JR Security Hardening and Login Protection

by reinajhon46

Description

JR Security Hardening and Login Protection secures your WordPress installation at the application level with one-click hardening modules. Designed to be secure by default and Cloudflare compatible.

Included modules:

Disable XML-RPC — Full block (filter + hard block) to prevent brute force attacks and pingback DDoS.
Hide WordPress version — Removes version from generator meta and CSS/JS assets.
Disable file editor — Prevents theme and plugin editing from the admin panel (DISALLOW_FILE_EDIT).
Disable emojis — Removes WordPress emoji scripts and styles, improving performance.
Block user enumeration (?author= and /author/) — Dual-layer protection against username discovery.
Block REST enumeration (wp-json users) — Prevents enumeration via the WordPress REST API.
Block sensitive paths/files — Blocks access to readme.html, license.txt, .env, .git, composer.json, etc. (only what passes through WordPress).
Security headers — X-Content-Type-Options, Referrer-Policy, Permissions-Policy, X-Frame-Options, HSTS (HTTPS only) and removal of technology-revealing headers.
Login protection — Rate limiting by IP and by user+IP with configurable temporary lockout.
IP whitelist — Excludes trusted IPs from rate limiting to avoid accidental lockouts.
Email notification — Receive an email when an IP is locked out due to too many failed login attempts.
Activity log — Security event logging in a dedicated database table with configurable retention and automatic cleanup via cron.
Ready-to-use server rules — Code for Apache (.htaccess) and Nginx to block static files that WordPress cannot reach.

Smart IP detection:

Native support for Cloudflare (CF-Connecting-IP).
Option to trust X-Forwarded-For / X-Real-IP behind trusted proxies.
Fallback to REMOTE_ADDR.

Clean uninstall:

When the plugin is deleted, all options, the events table and transients are removed. No data is left behind in your database.

Installation

Upload the jr-security-hardening-login-protection folder to /wp-content/plugins/.
Activate the plugin from the WordPress “Plugins” menu.
Go to Settings JR Security and configure the modules.
For full static file protection, apply the server rules shown in the “Server” tab.

Faq

Does this plugin replace a server-level firewall?

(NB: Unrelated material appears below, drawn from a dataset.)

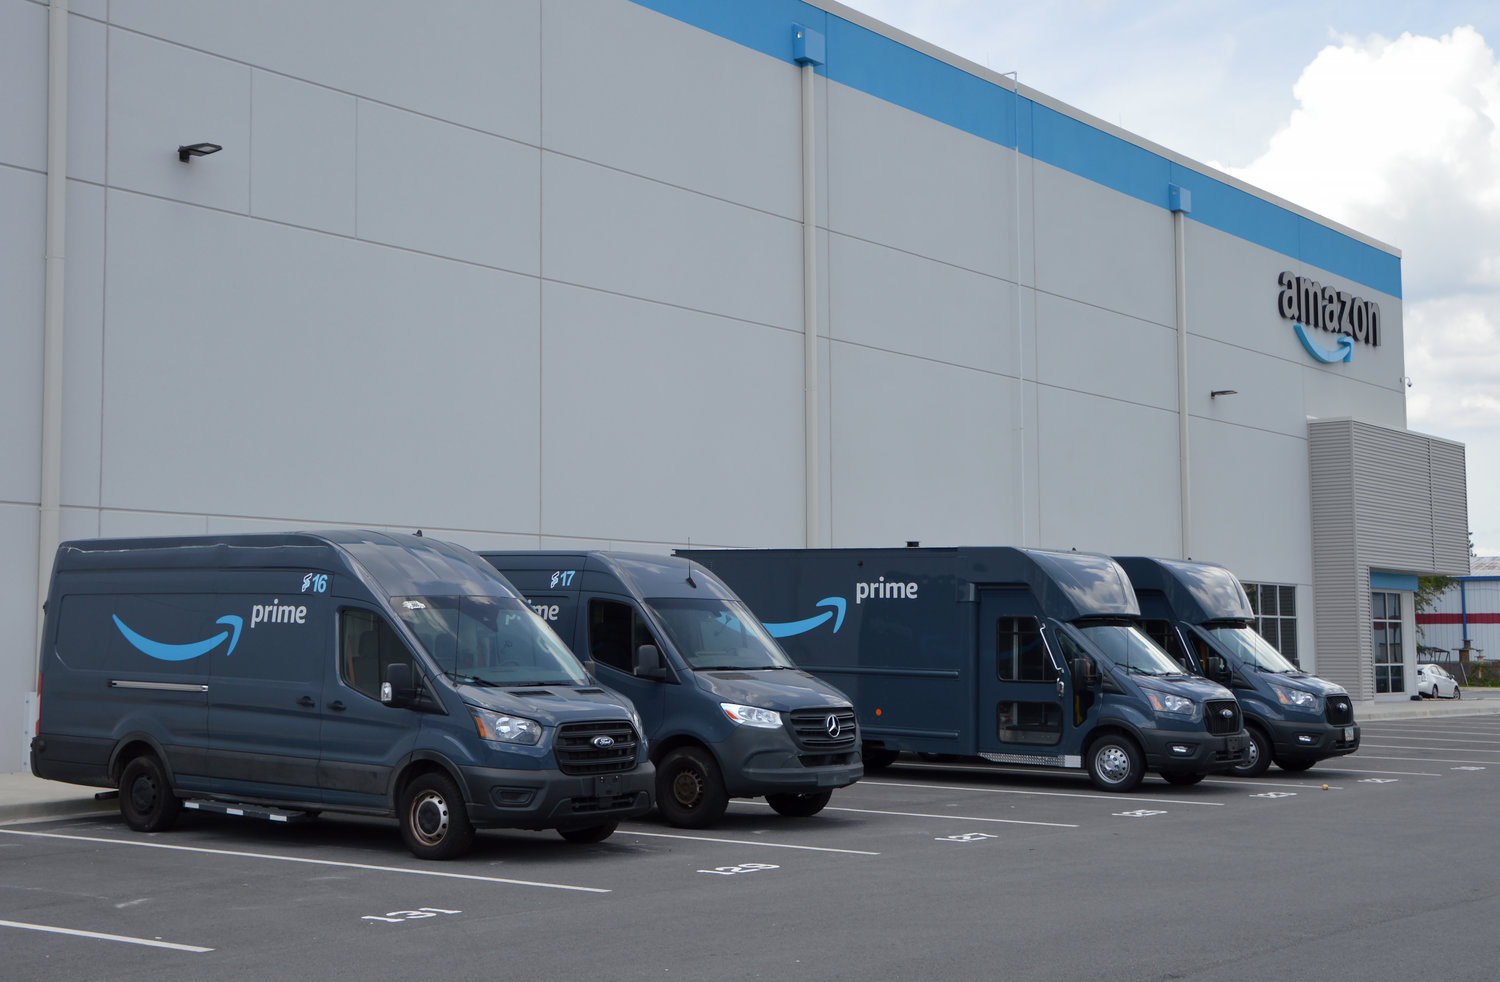 Amazon Prime delivery vehicles sit parked outside a distribution center in Doraville, Ga., July 27, 2022. (Christian Index/Henry Durand, File)

No. This plugin protects what goes through WordPress. For static files like /readme.html, you need server-level rules (Apache/Nginx). The plugin includes those rules ready to copy and paste in the “Server” tab.

Does it work with Cloudflare?

Yes. It automatically detects the visitor’s real IP via CF-Connecting-IP. If you use another proxy, you can enable “Trust proxy headers” in the settings.

What if I lock myself out?

Lockouts use WordPress transients and expire automatically based on the configured hours. You can also add your IP to the whitelist from settings, or temporarily deactivate the plugin via FTP/SSH by renaming the folder.

Can I use this plugin with other security plugins?

Yes, but avoid duplicating functionality. If another plugin already disables XML-RPC or adds headers, disable those modules here to avoid conflicts.

Are settings lost when deactivating the plugin?

No. Settings are preserved when deactivating. They are only deleted when uninstalling the plugin completely.

Why is ?author= enumeration not blocked?

If you are logged in as an administrator, the plugin does NOT block the author page — this is normal behavior. To test, use an incognito window without a WordPress session.

Reviews

Changelog

1.0.0

First release.
Modules: XML-RPC, WP version, file editor, emojis, user enumeration (?author= and /author/), REST enumeration, sensitive paths, security headers, login protection, IP whitelist, email notification, activity log, server rules.
IP detection with Cloudflare support (CF-Connecting-IP), X-Forwarded-For/X-Real-IP and REMOTE_ADDR.
Admin panel with tabs: Dashboard, Hardening, Login, Logs, Server.
Automatic log cleanup via WP Cron with configurable retention.
Clean uninstall (options, events table, transients).